In sponsored search, a number of advertising slots is available on a search results page, and have to be allocated among a set of advertisers competing to display an ad on the page. This gives rise to a bipartite matching market that is typically cleared by the way of an automated auction. Several auction mechanisms have been proposed, with variants of the Generalized Second Price (GSP) being widely used in practice.
There is a rich body of work on bipartite matching markets that builds upon the stable marriage model of Gale and Shapley and the assignment model of Shapley and Shubik. This line of research offers deep insights into the structure of stable outcomes in such markets and their incentive properties.
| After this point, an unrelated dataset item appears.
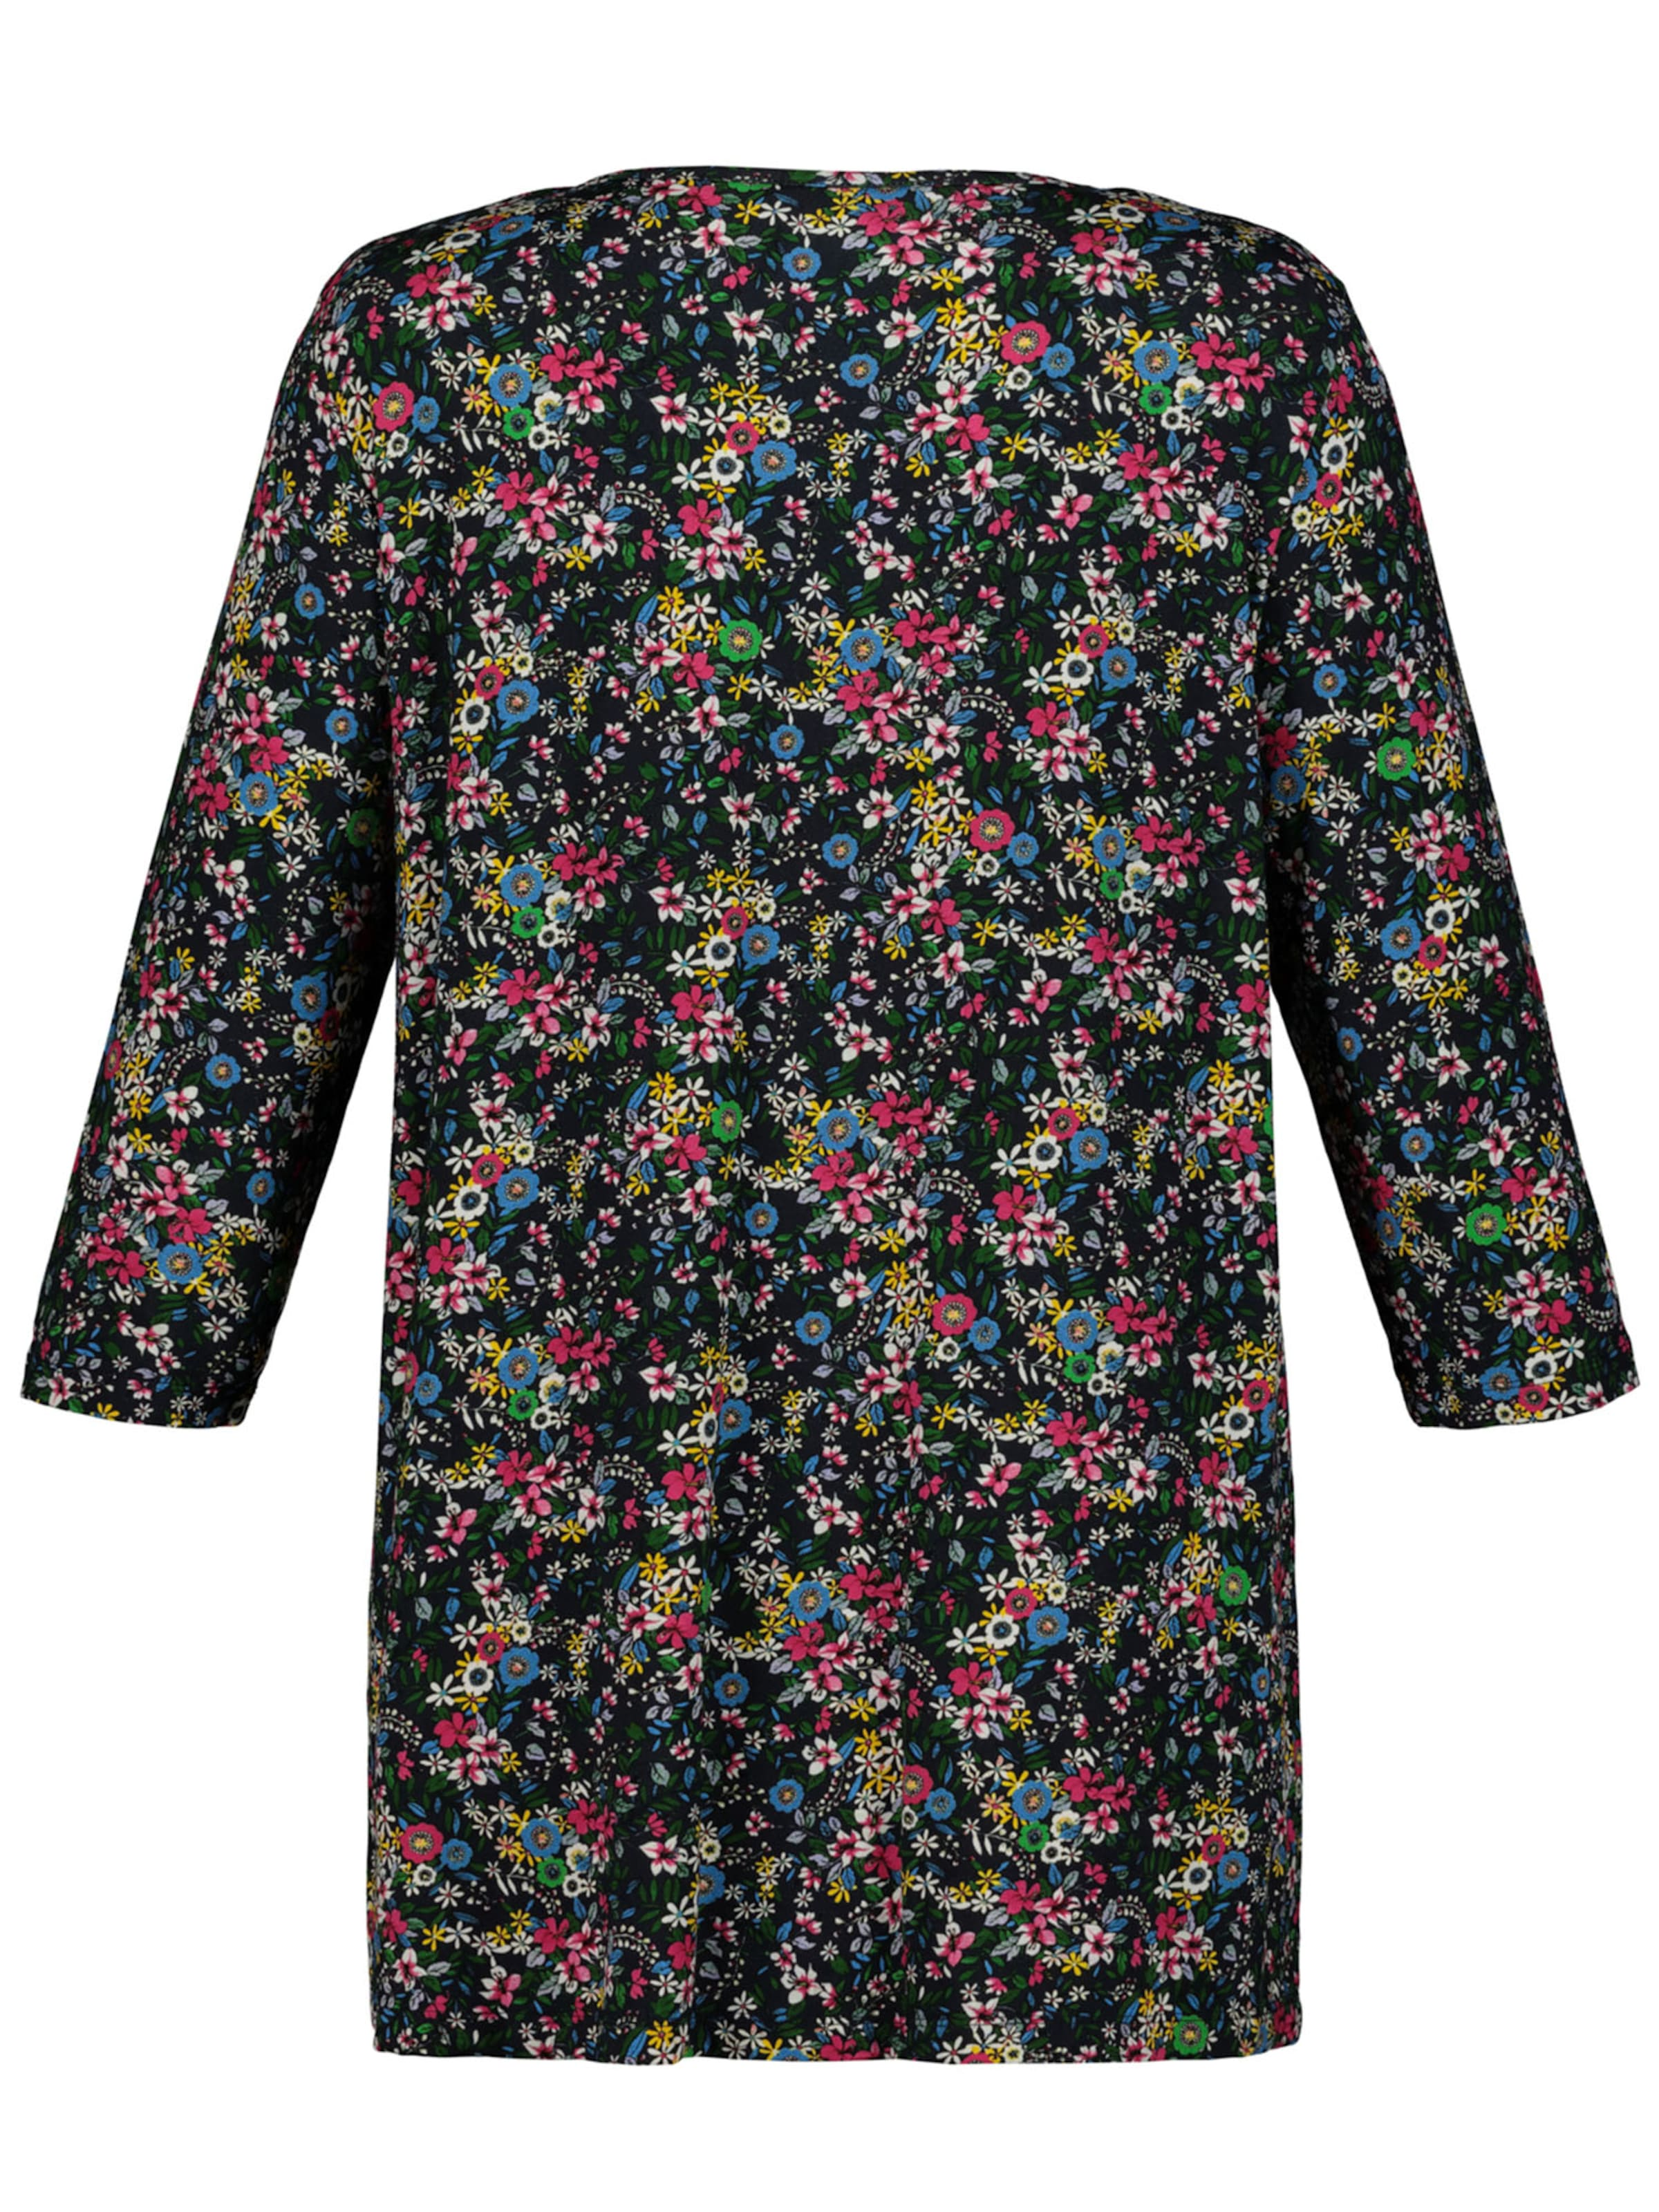 shirt En Foncé Bleu T Ulla Popken XTkwOiuPZ

In this paper, we model advertising auctions in terms of an assignment model with linear utilities, extended with bidder and item specific maximum and minimum prices. Auction mechanisms like the commonly used GSP or the well-known Vickrey-Clarke-Groves (VCG) can be interpreted as simply computing a bidder-optimal stable matching in this model, for a suitably defined set of bidder preferences, but our model includes much richer bidders and preferences. We prove that in our model the existence of a stable matching is guaranteed, and under a non-degeneracy assumption a bidder-optimal stable matching exists as well. We give an algorithm to find such matching in polynomial time, and use it to design truthful mechanism that generalizes GSP, is truthful for profit-maximizing bidders, correctly implements features like bidder-specific minimum prices and position-specific bids, and works for rich mixtures of bidders and preferences. Our main technical contributions are the existence of bidder-optimal matchings and strategyproofness of the resulting mechanism, and are proved by induction on the progress of the matching algorithm.